__Data block__.
____

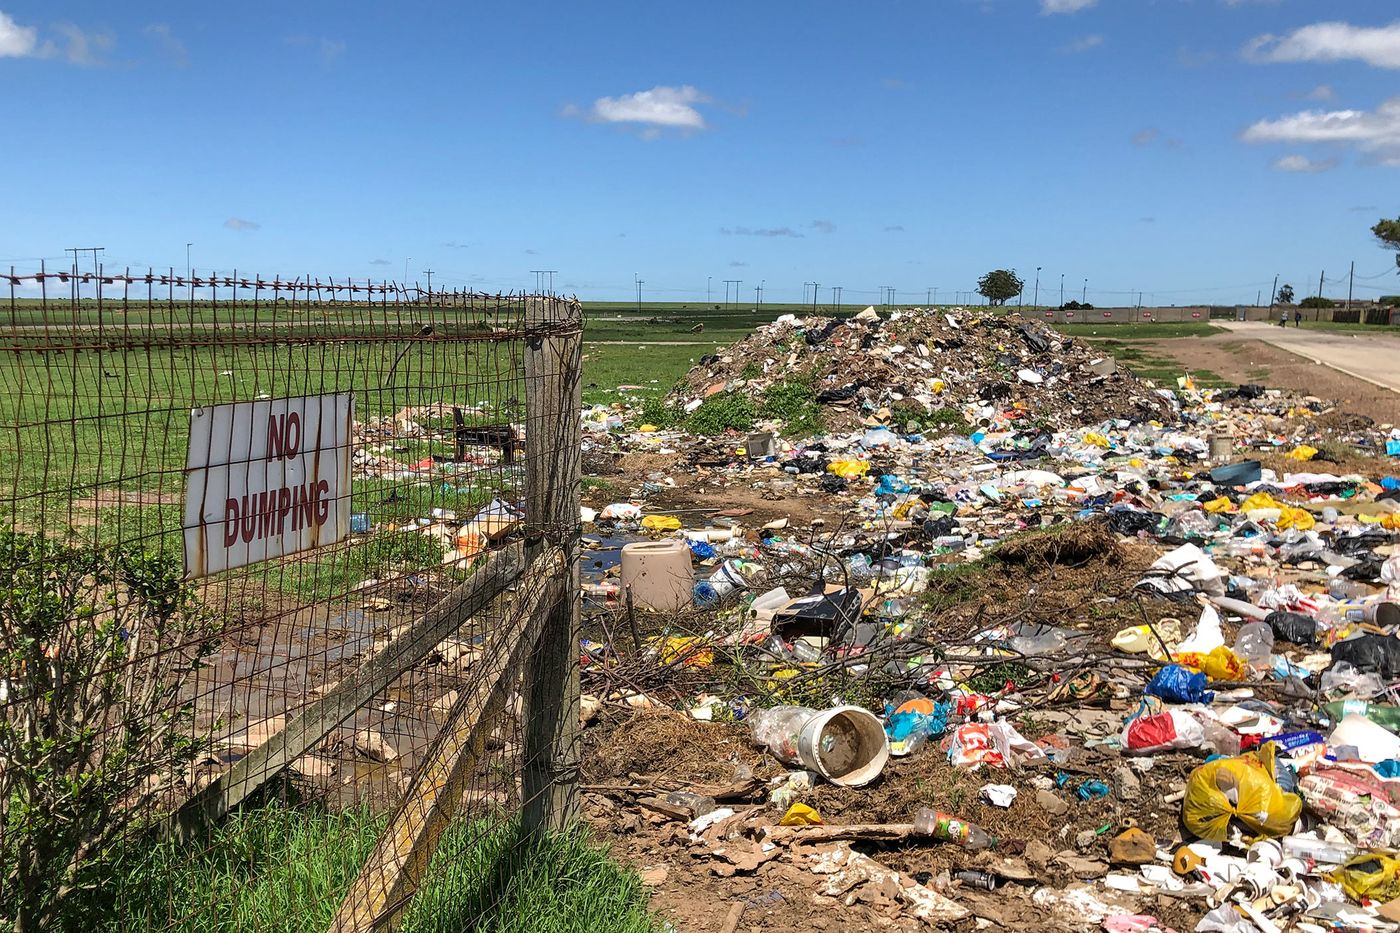 Trash accumulates on the side of a street in the township of Joza. Photographer: Michael Cohen/Bloomberg
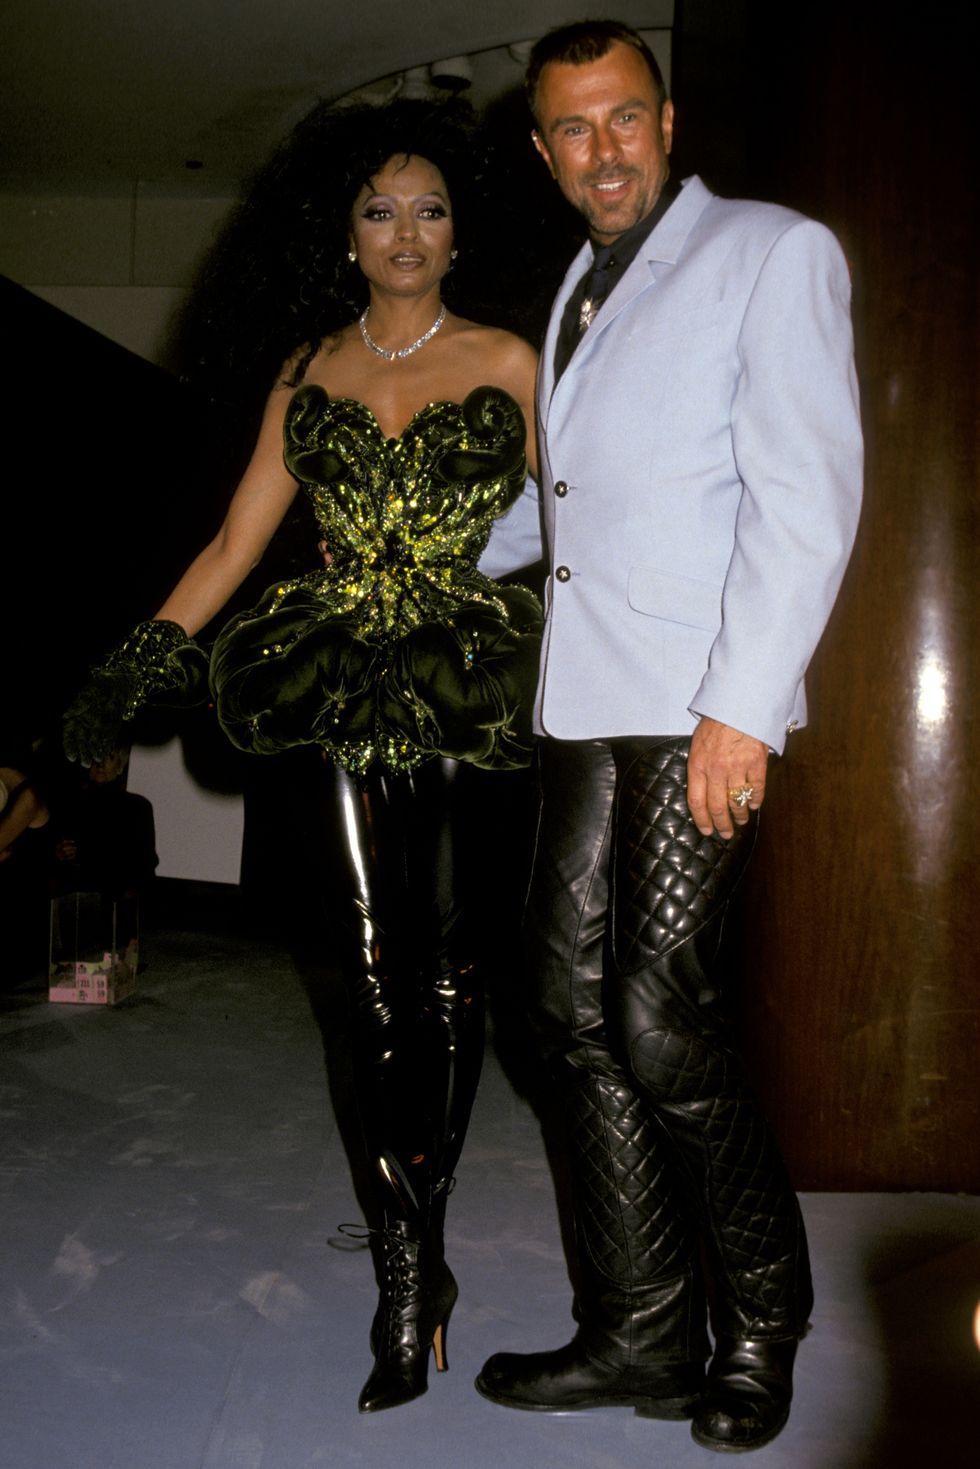 diana ross and thierry mugler photo by jim smealron galella collection via getty images
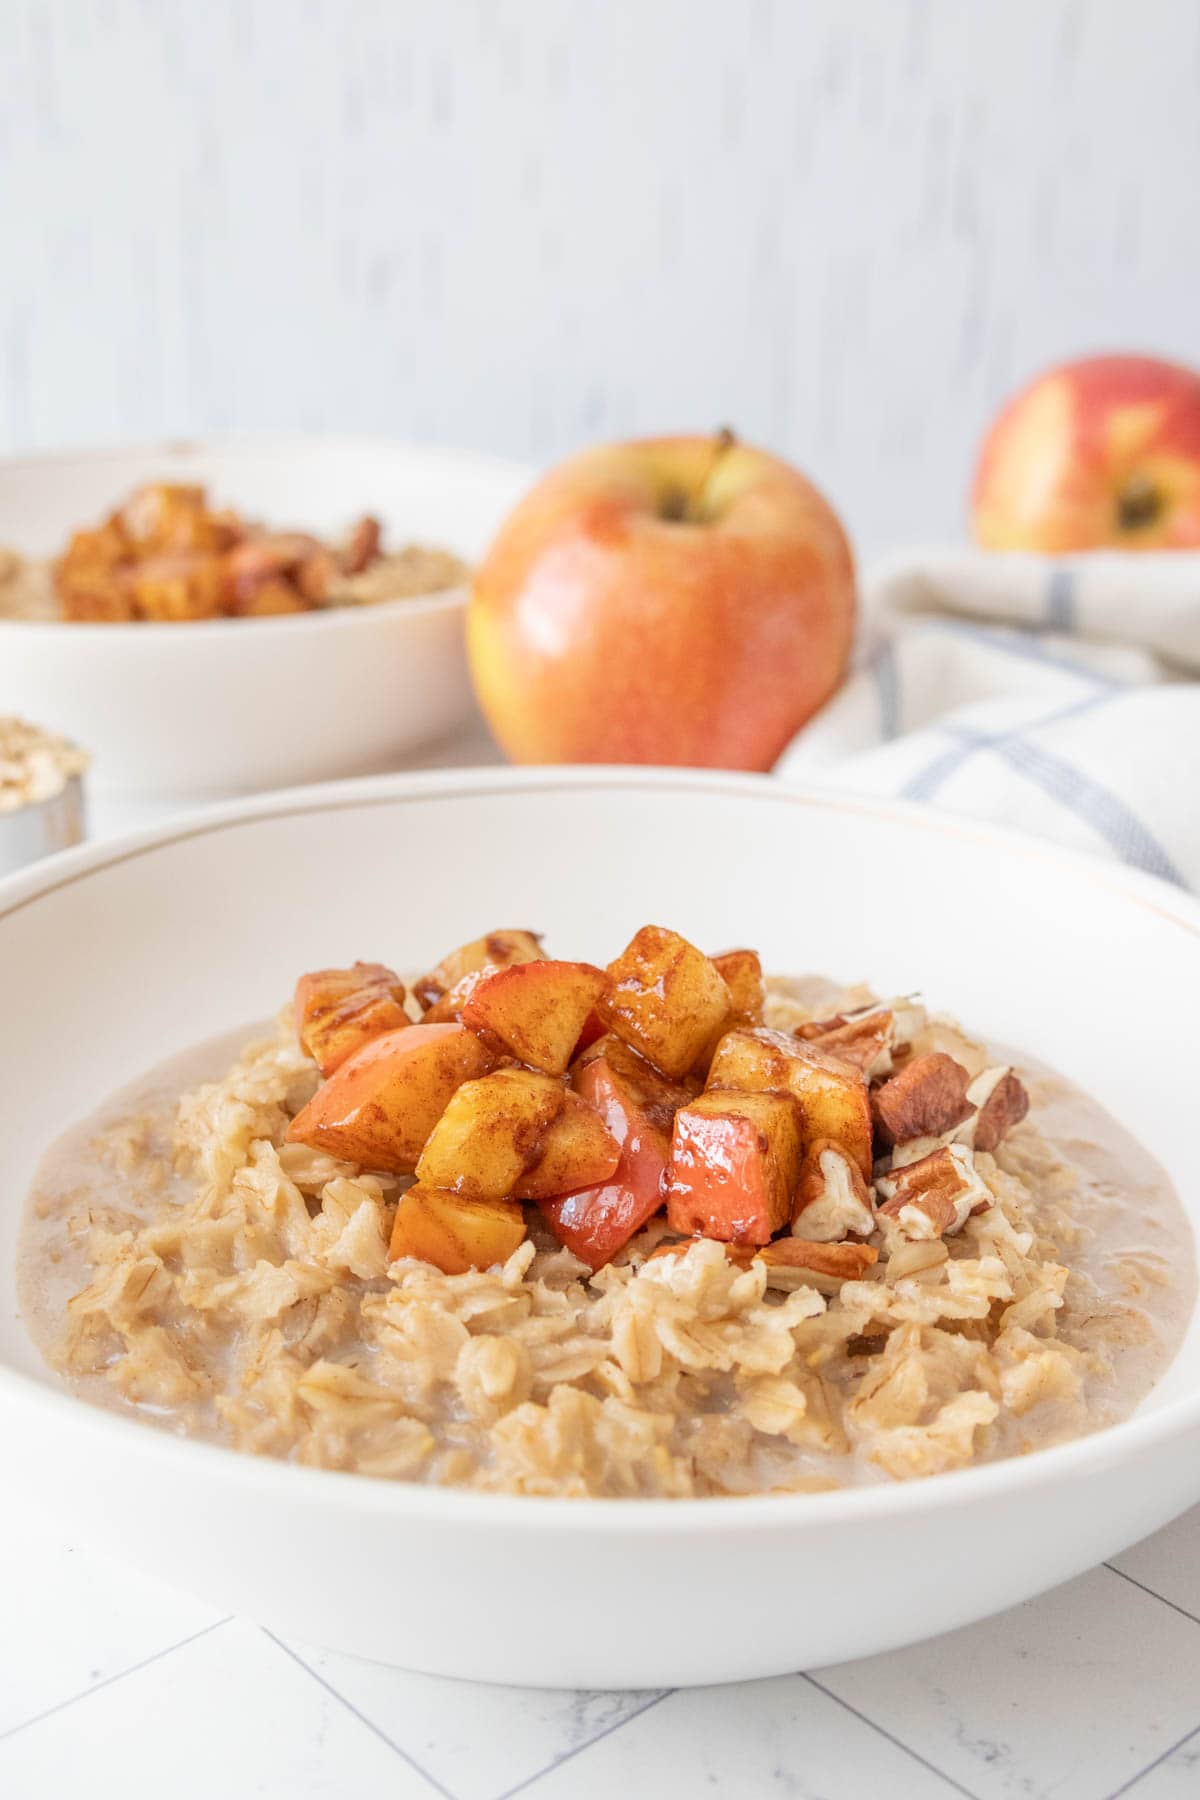 A bowl of oatmeal with apples and nuts.
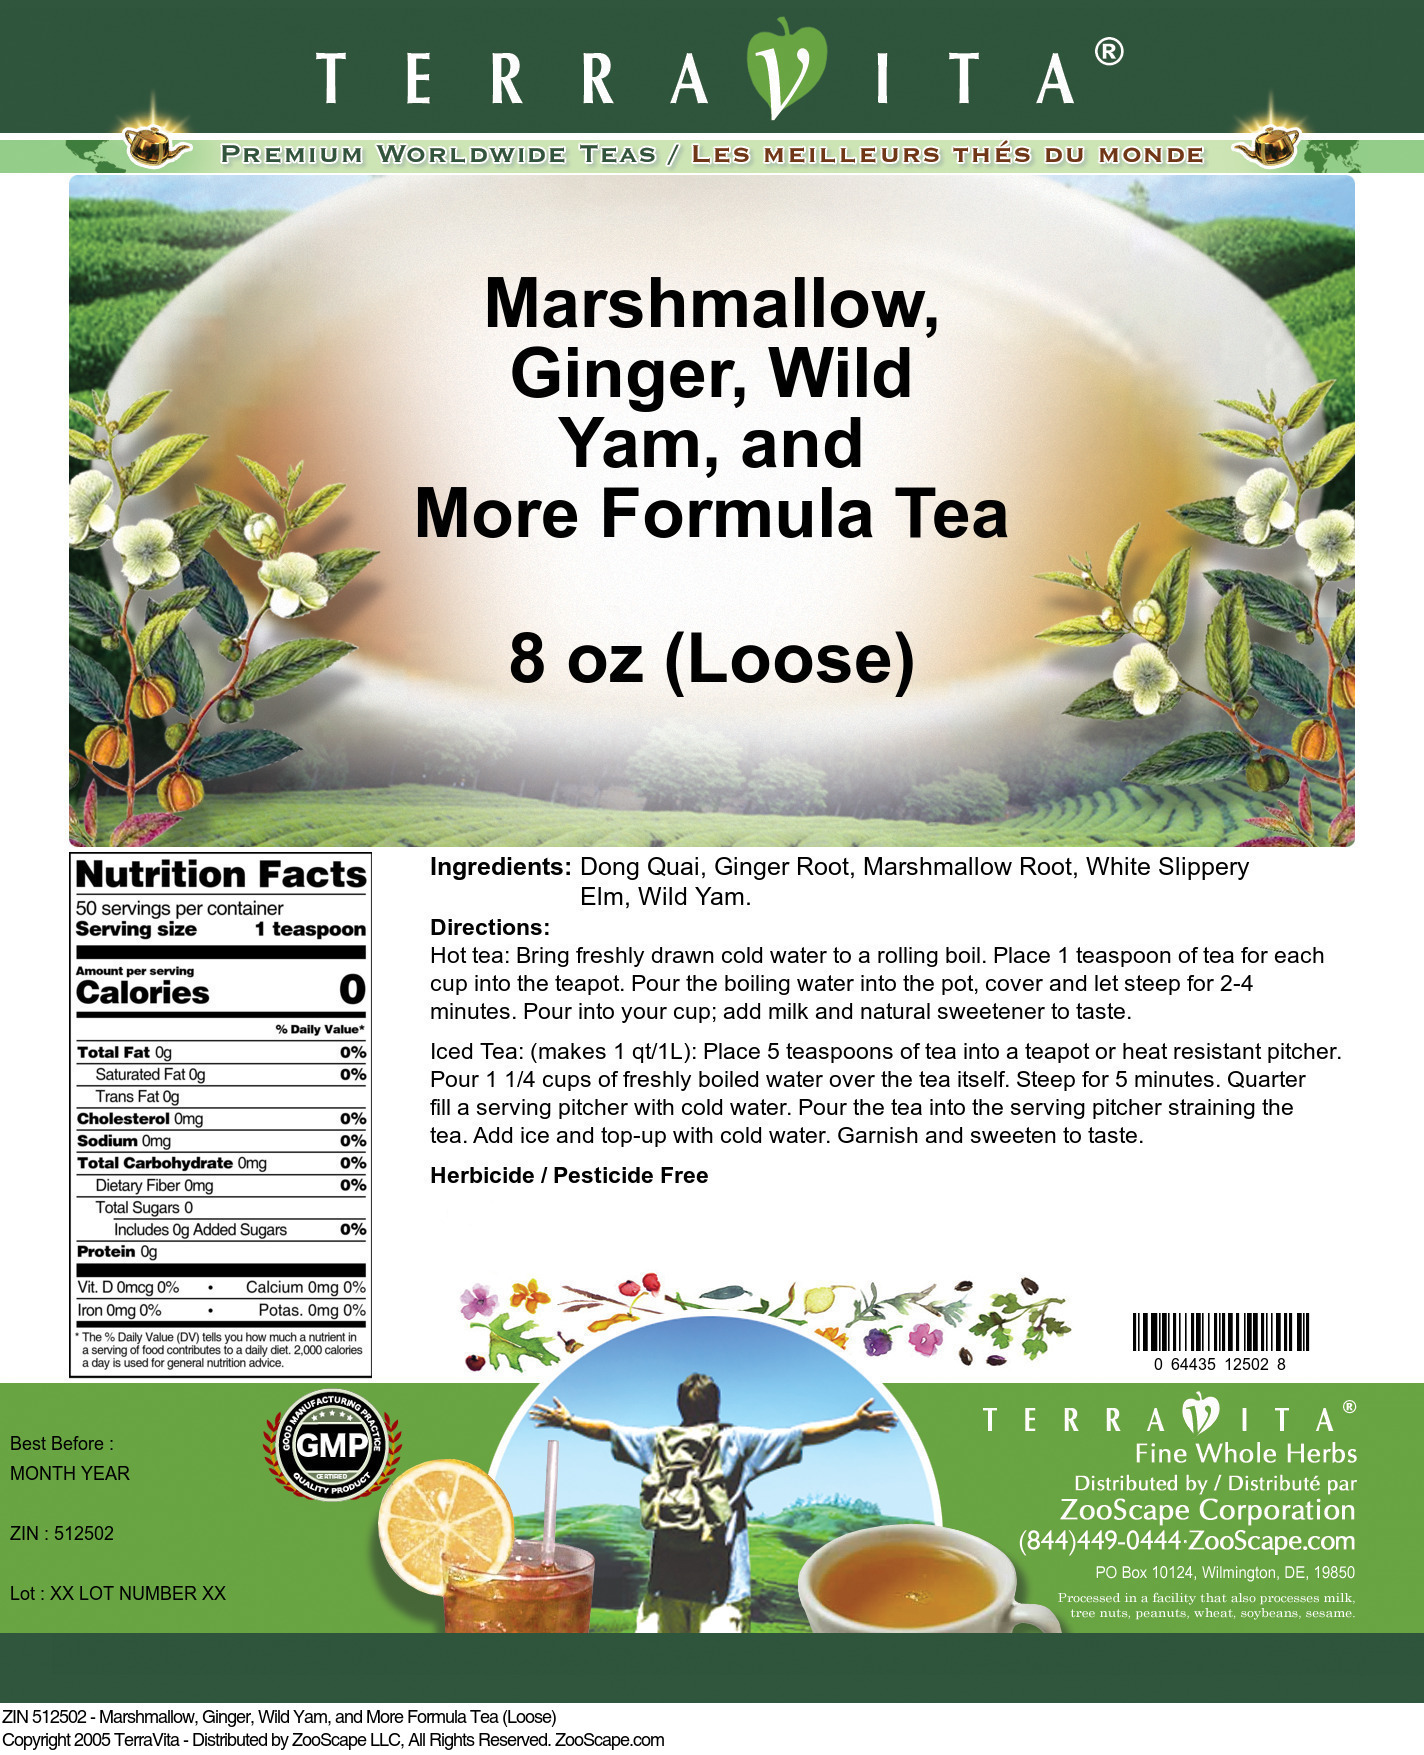 Marshmallow, Ginger, Wild Yam, and More Formula Tea (Loose) - Label

____

__What is required__. Output nothing but the lines from the line with "diana ross and" through the last line of the material above, please, word for word and without the pictures.

__Expected answer__.
 diana ross and thierry mugler photo by jim smealron galella collection via getty images
 A bowl of oatmeal with apples and nuts.
 Marshmallow, Ginger, Wild Yam, and More Formula Tea (Loose) - Label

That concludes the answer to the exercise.